Wednesday, April 1, 2009

Oops! Now the shareholders are getting involved with executive comp

Got this in my morning email from Seeking Alpha,
AIG compensation chief under fire. Activist investors are trying to block the re-election of AIG (AIG) director James F. Orr, chairman of the board compensation committee. Officials representing major union and public pension funds wrote a letter to trustees urging them to unseat Orr for failing to adequately oversee the $165M in retention payments that have sparked so much public outrage in recent weeks. (Read the letter to the trustees (.pdf)) Separately, lawmakers have reportedly asked for copies of confidential reports prepared by a lawyer who has been in charge of monitoring AIG's business practices over the past four years.
Free advice to the Board of Directors of HP, Infoprint, Xerox, Kodak and other public companies
The ground has shifted. The grown ups are in the charge. Executive comp in the States has gotten completely out of control. If it were me, I would focus on this, much sooner, rather than later. If institutional investors are so pressured that they have to demand a sustainable return on their investment, they'll have no one to blame but the Chairman of the Board.

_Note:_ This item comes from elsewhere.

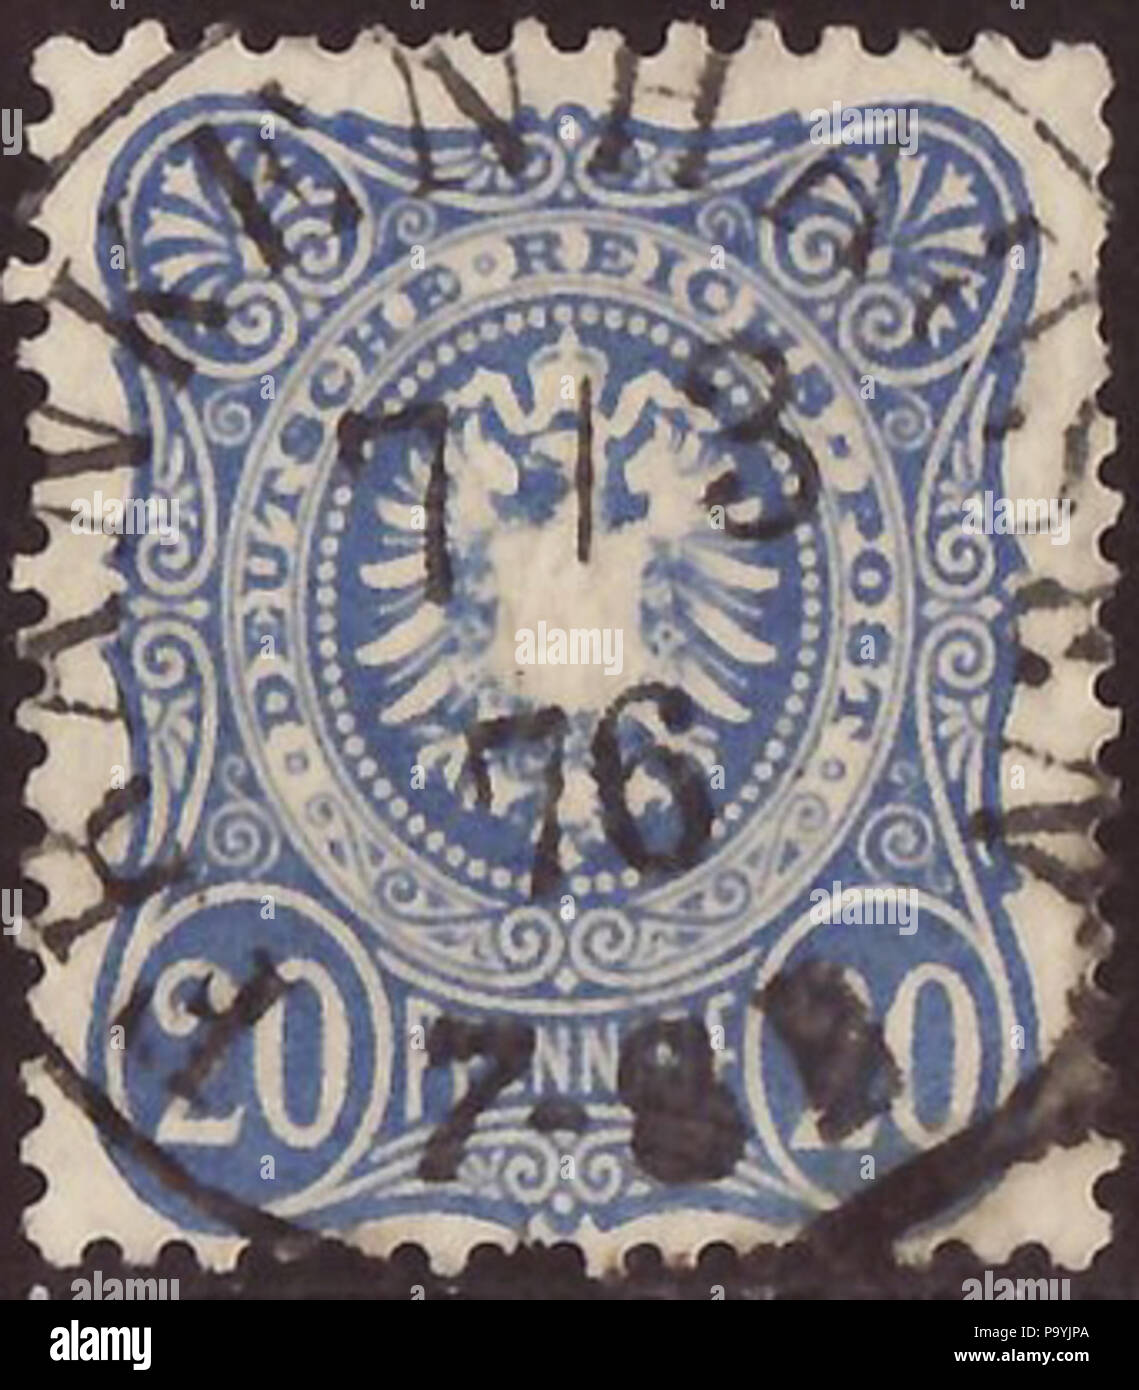 . Stamp of the German Empire; 1875; definitive stamp of the issue of 1875 after introduction of the new Mark-currency; currency inscription 'PFENNIGE' (with '...E'); postmarked in Frankenhausen (Thuringia, contemporary: Bad Frankenhausen), 1876 Stamp: Michel: No. 34; Yvert & Tellier: No. 33 (DR); Scott: No. 32 (DE) Color: ultramarine to blue Watermark: none Nominal value: 20 Pfennige Postal validity: from 1 January 1875 until 31 January 1891 Postmark: Frankenhausen (Thuringia, contemporary 'Bad Frankenhausen'), 7 March 1876 (single-circle postmark with 26 mm outer circle) . 1 January 1975 (fir Stock Photo

If the CEO of GM can get fired when the biggest institutional investor is the government, it's pretty likely that other institutional investors are going to sooner or later follow their lead. Unless you get ready, this can get pretty nasty.

Meanwhile, given that the M&A people are looking for deals, keep an eye out for the next big bunch of money that comes searching for a way to unlock value in legacy corporations.